Design: Prospective observational convenience sample.

Setting: PICU at a level I trauma center.

Patients: Children with complex mild traumatic brain injury (trauma, admission Glasgow Coma Scale score 13–15 with either abnormal head CT, or history of loss of consciousness).

Interventions: Cerebral autoregulation was tested using transcranial Doppler ultrasound between admission day 1 and 8.

Measurements and Main Results: The primary outcome was prevalence of impaired cerebral autoregulation (autoregulation index < 0.4),determined using transcranial Doppler ultrasonography and tilt testing. Secondary outcomes examined factors associated with and evolution and extent of impairment. Cerebral autoregulation testing occurred in 31 children 10 years (SD, 5.2 yr), mostly male (59%) with isolated traumatic brain injury (91%), median admission Glasgow Coma Scale 15, Injury Severity Scores 14.2 (SD, 7.7), traumatic brain injury due to fall (50%), preadmission loss of consciousness (48%), and abnormal head CT scan (97%). Thirty-one children underwent 56 autoregulation tests. Impaired cerebral autoregulation occurred in 15 children (48.4%) who underwent 19 tests; 68% and 32% of tests demonstrated unilateral and bilateral impairment, respectively. Compared with children on median day 6 of admission after traumatic brain injury, impaired autoregulation was most common in the first 5 days after traumatic brain injury (day 1: relative risk, 3.7; 95% CI, 1.9–7.3 vs day 2: relative risk, 2.7; 95% CI, 1.1–6.5 vs day 5: relative risk, 1.33; 95% CI, 0.7–2.3). Children with impaired autoregulation were older (12.3 yr [SD, 1.3 yr] vs 8.7 yr [SD, 1.1 yr]; p = 0.04) and tended to have subdural hematoma (64% vs 44%), epidural hematoma (29% vs 17%), and subarachnoid hemorrhage (36% vs 28%). Eight children (53%) were discharged home with ongoing impaired cerebral autoregulation.

Conclusions: Impaired cerebral autoregulation is common in children with complex mild traumatic brain injury, despite reassuring admission Glasgow Coma Scale 13–15. Children with complex mild traumatic brain injury have abnormal cerebrovascular hemodynamics, mostly during the first 5 days. Impairment commonly extends to the contralateral hemisphere and discharge of children with ongoing impaired cerebral autoregulation is common.

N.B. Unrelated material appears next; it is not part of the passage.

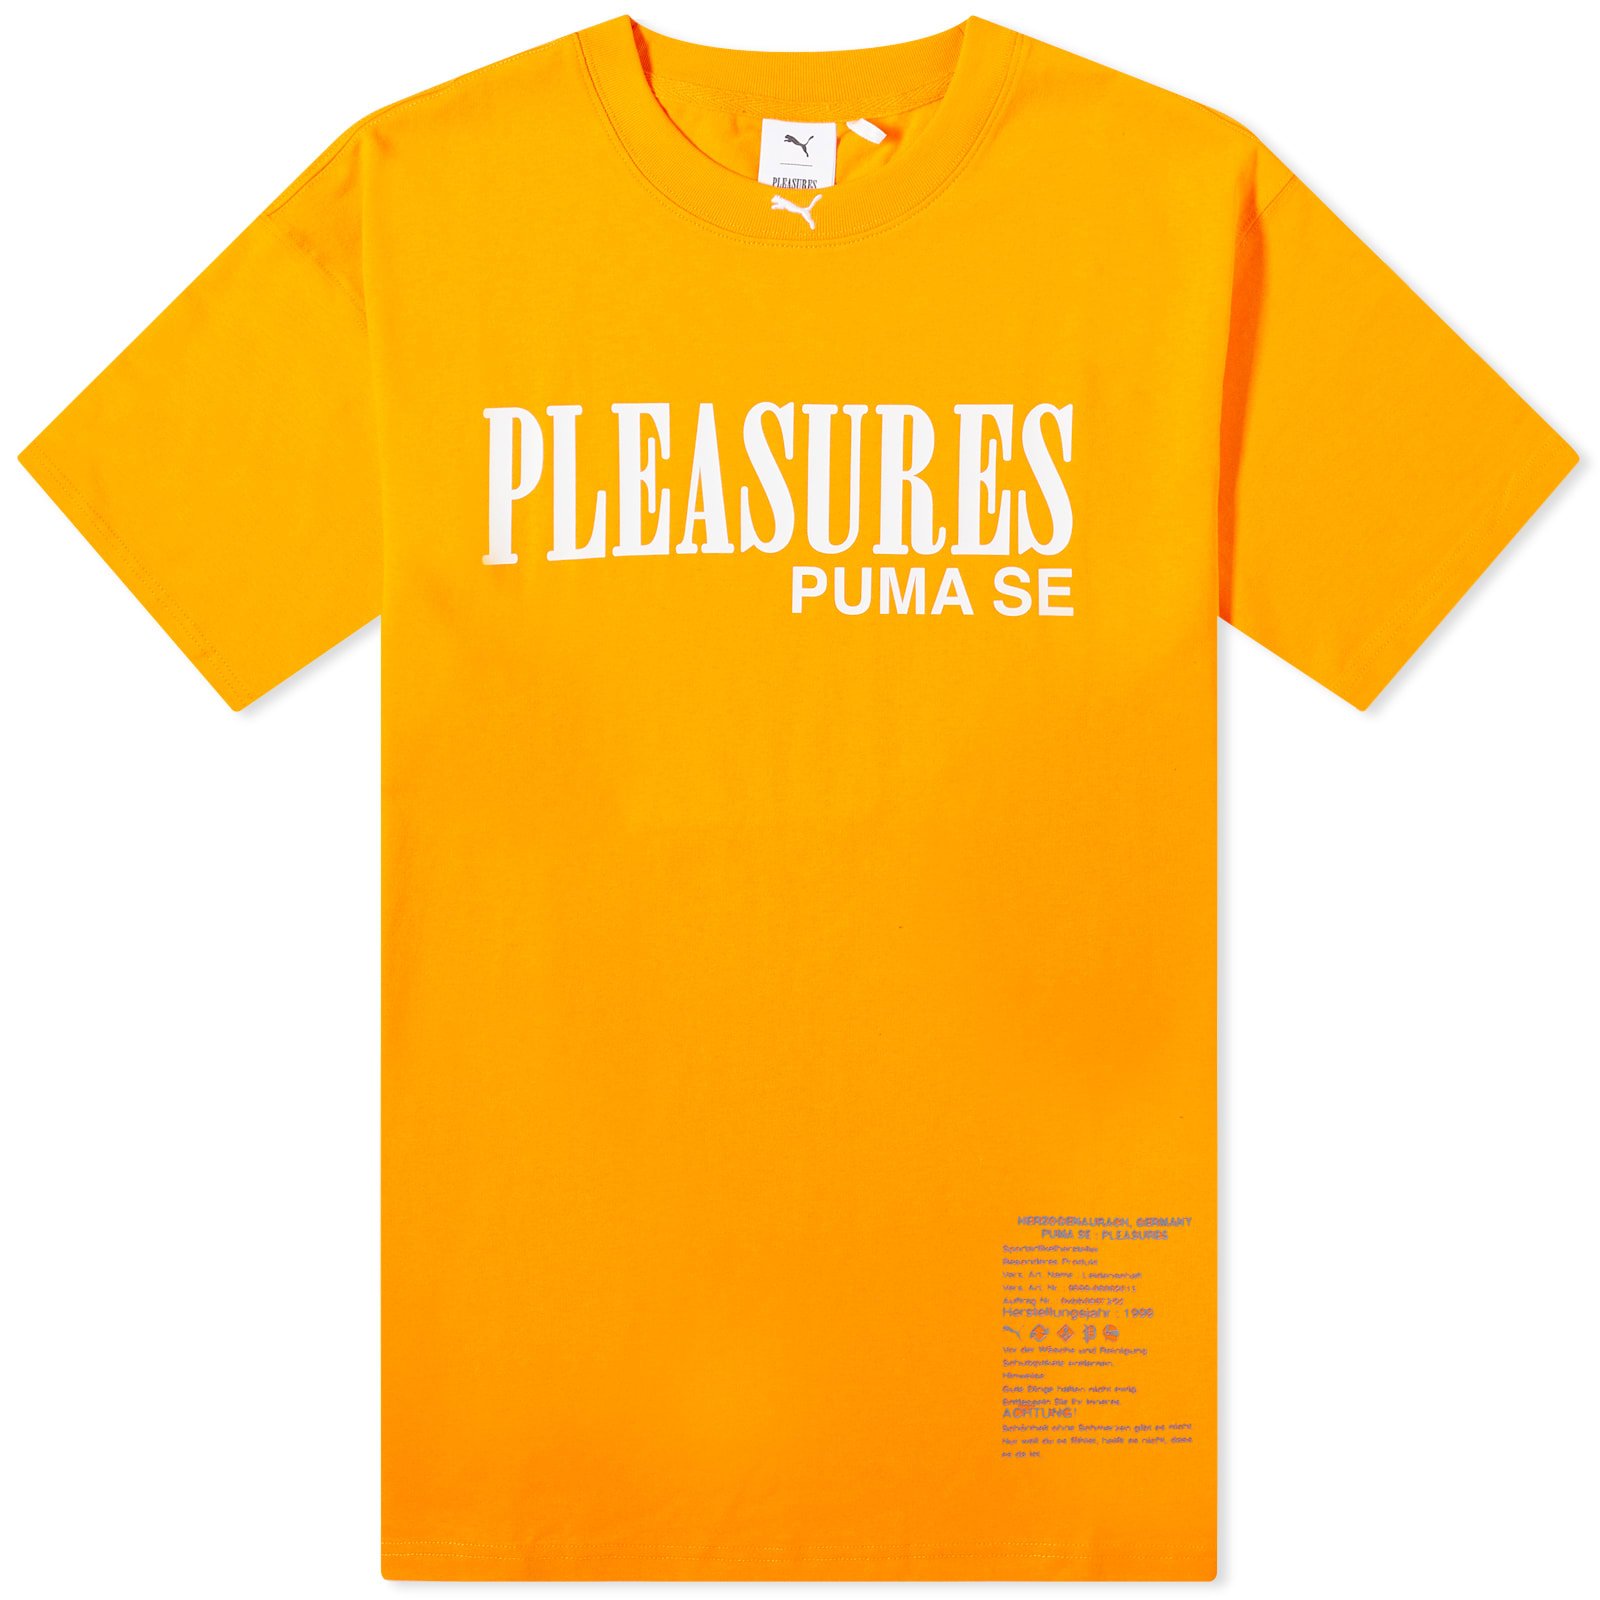 x Pleasures Typo

1Department of Anesthesiology and Pain Medicine, University of Washington, Harborview Medical Center, Seattle, WA.

2Department of Neurological Surgery, University of Washington, Seattle, WA.

3Department of Anesthesiology and Pain Medicine, University of Washington, Seattle, WA.

4Department of Pediatrics, Seattle Children’s Hospital, University of Washington, Seattle, WA.

5Department of Anesthesiology and Critical Care, Perelman School of Medicine, University of Pennsylvania, Philadelphia, PA.

6Harborview Injury Prevention and Research Center, Department of Anesthesiology and Pain Medicine, Harborview Medical Center, Seattle, WA.

*See also p. 389.

Supported, in part, by the National Institutes of Neurological Diseases and Stroke (R21NS095321-02: to Dr. Vavilala).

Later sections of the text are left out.